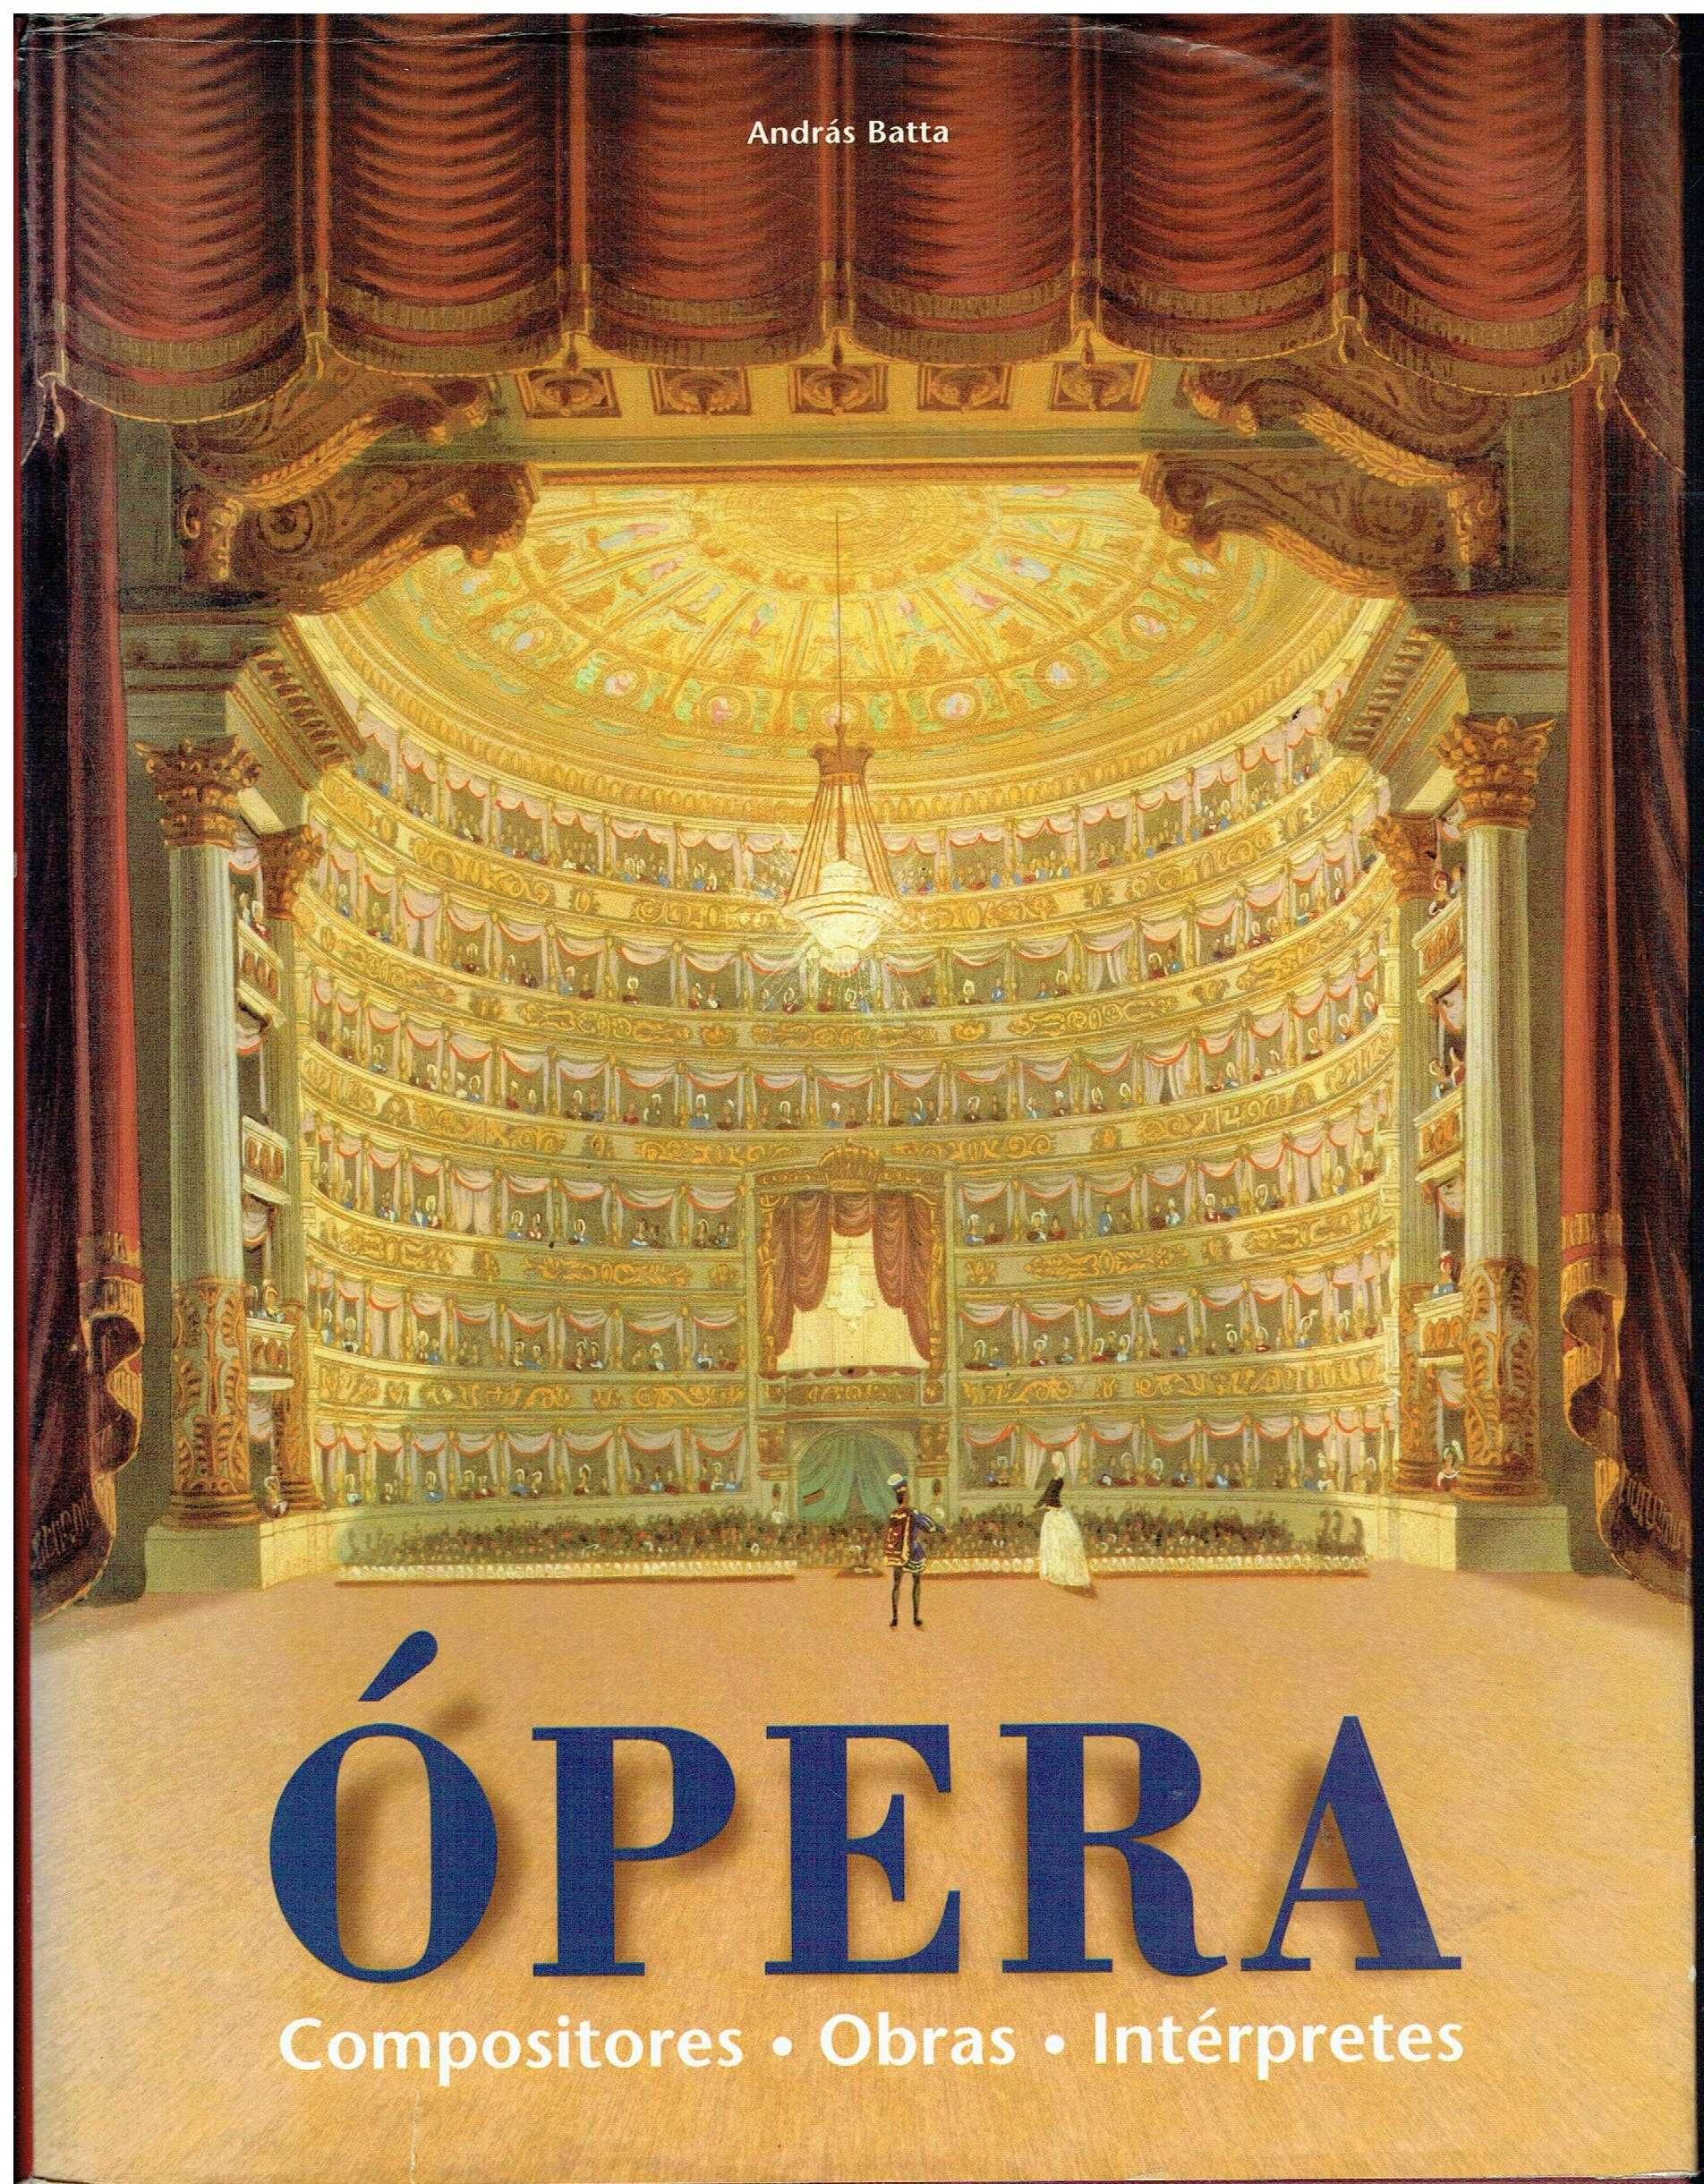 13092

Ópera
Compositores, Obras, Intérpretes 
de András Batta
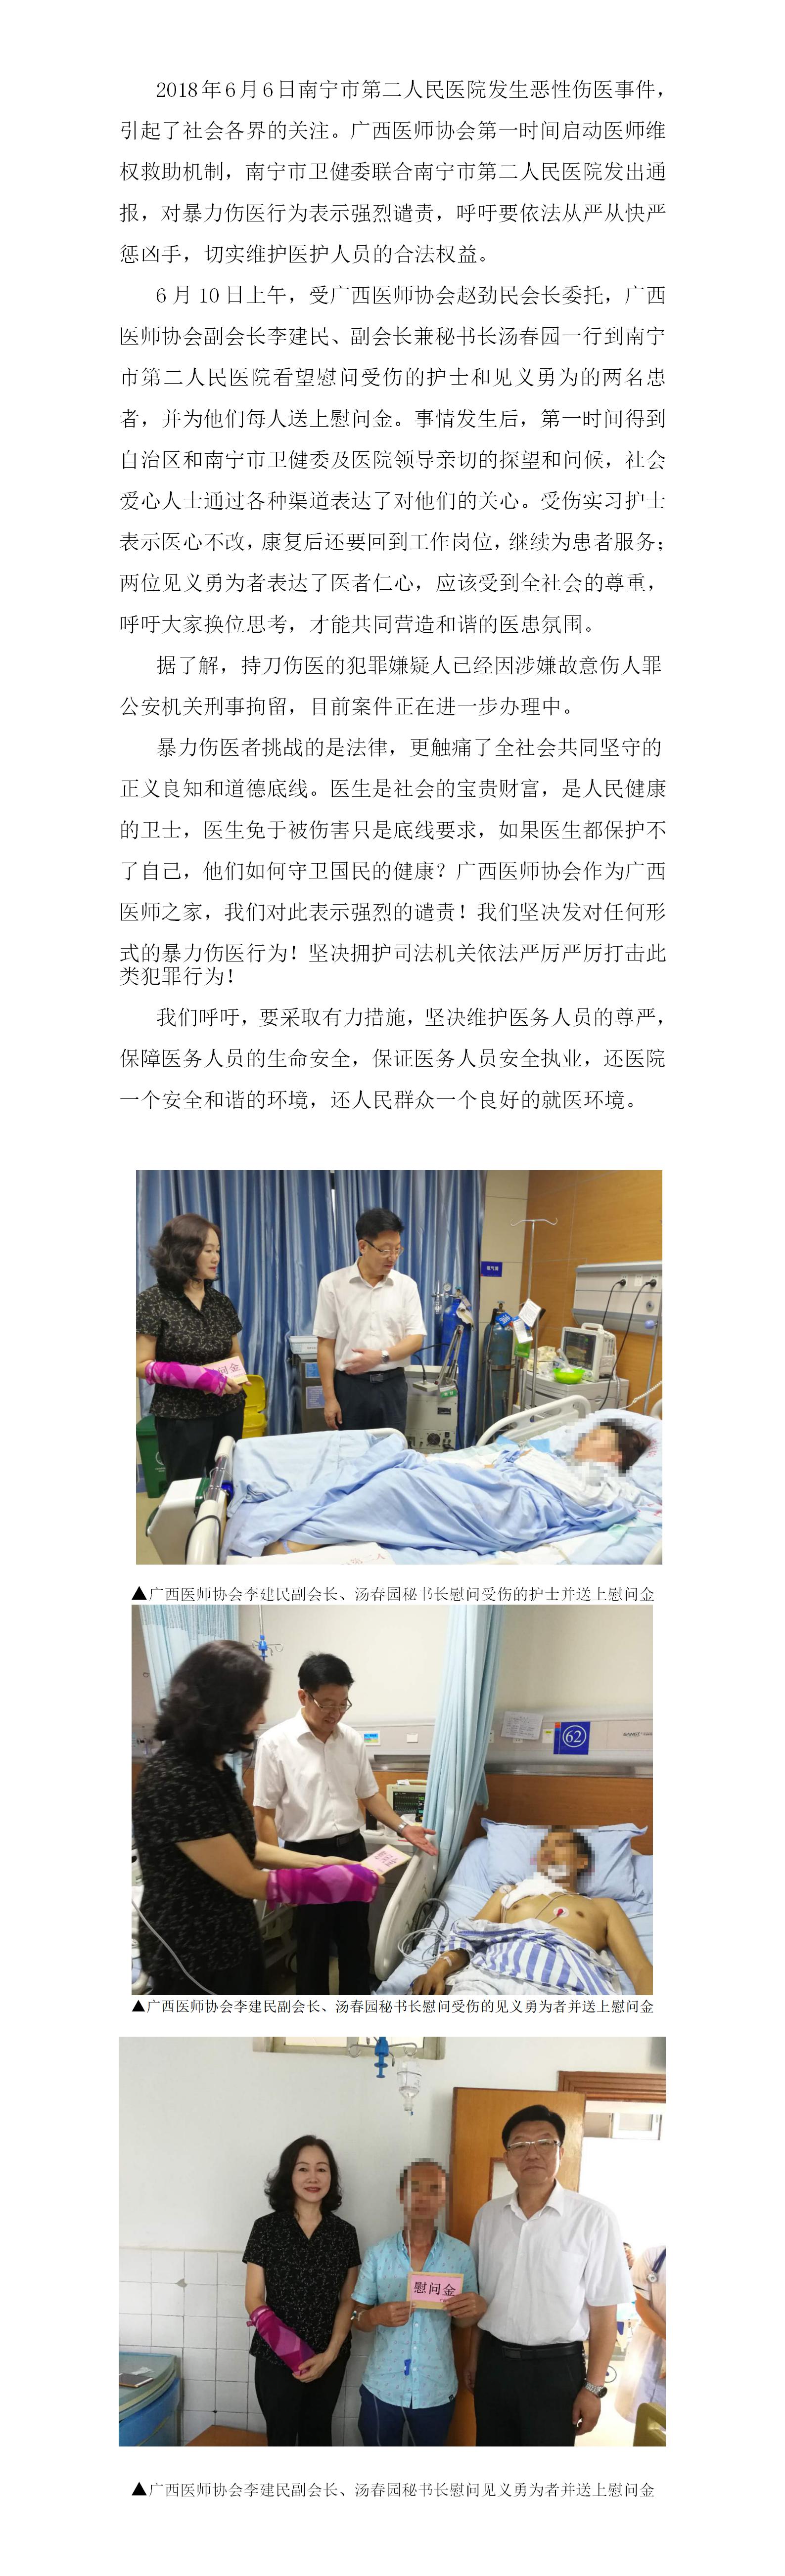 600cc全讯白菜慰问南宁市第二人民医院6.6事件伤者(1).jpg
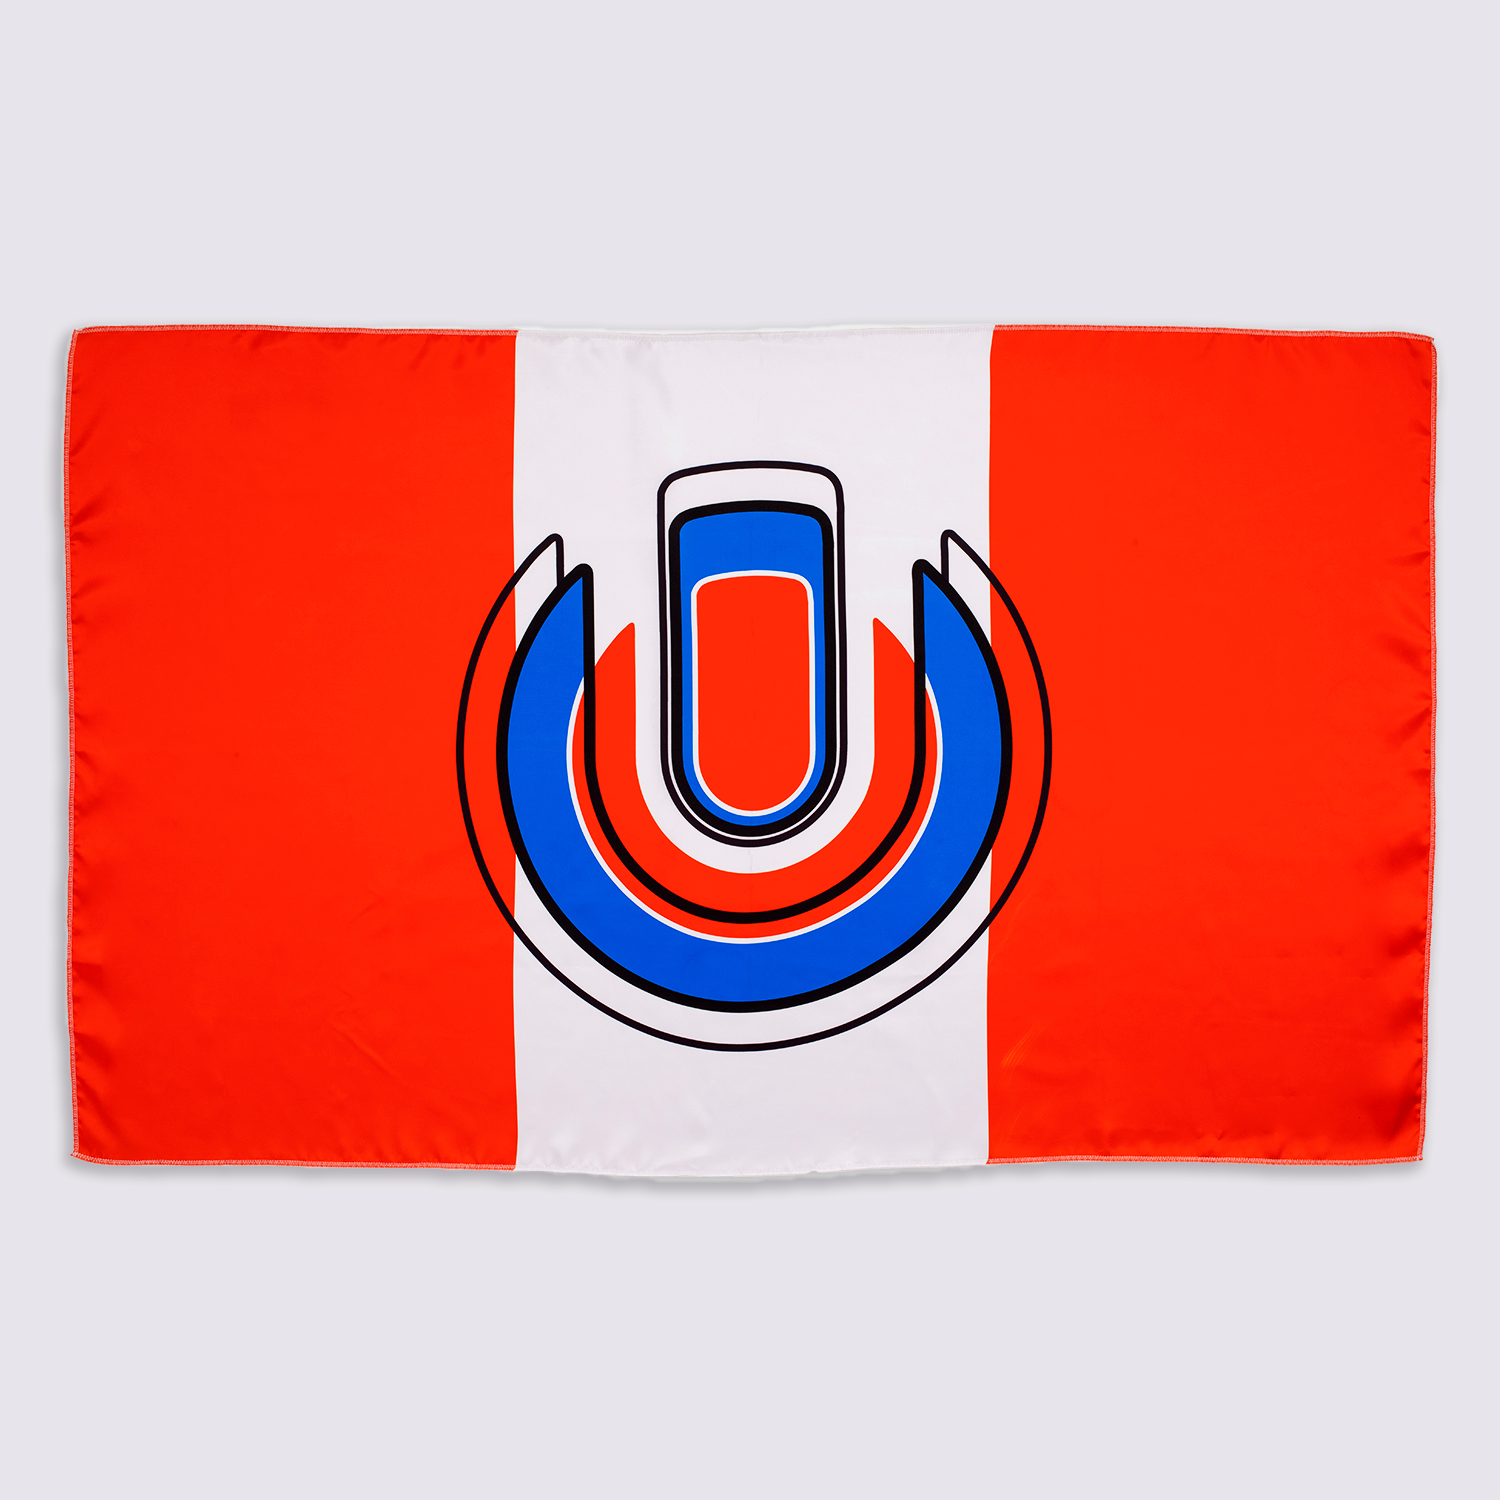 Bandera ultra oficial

Your goal —
Could you give all the records again, exactly, minus the pictures?

Task solution —
 13092

Ópera
Compositores, Obras, Intérpretes 
de András Batta
 600cc全讯白菜慰问南宁市第二人民医院6.6事件伤者(1).jpg
 Bandera ultra oficial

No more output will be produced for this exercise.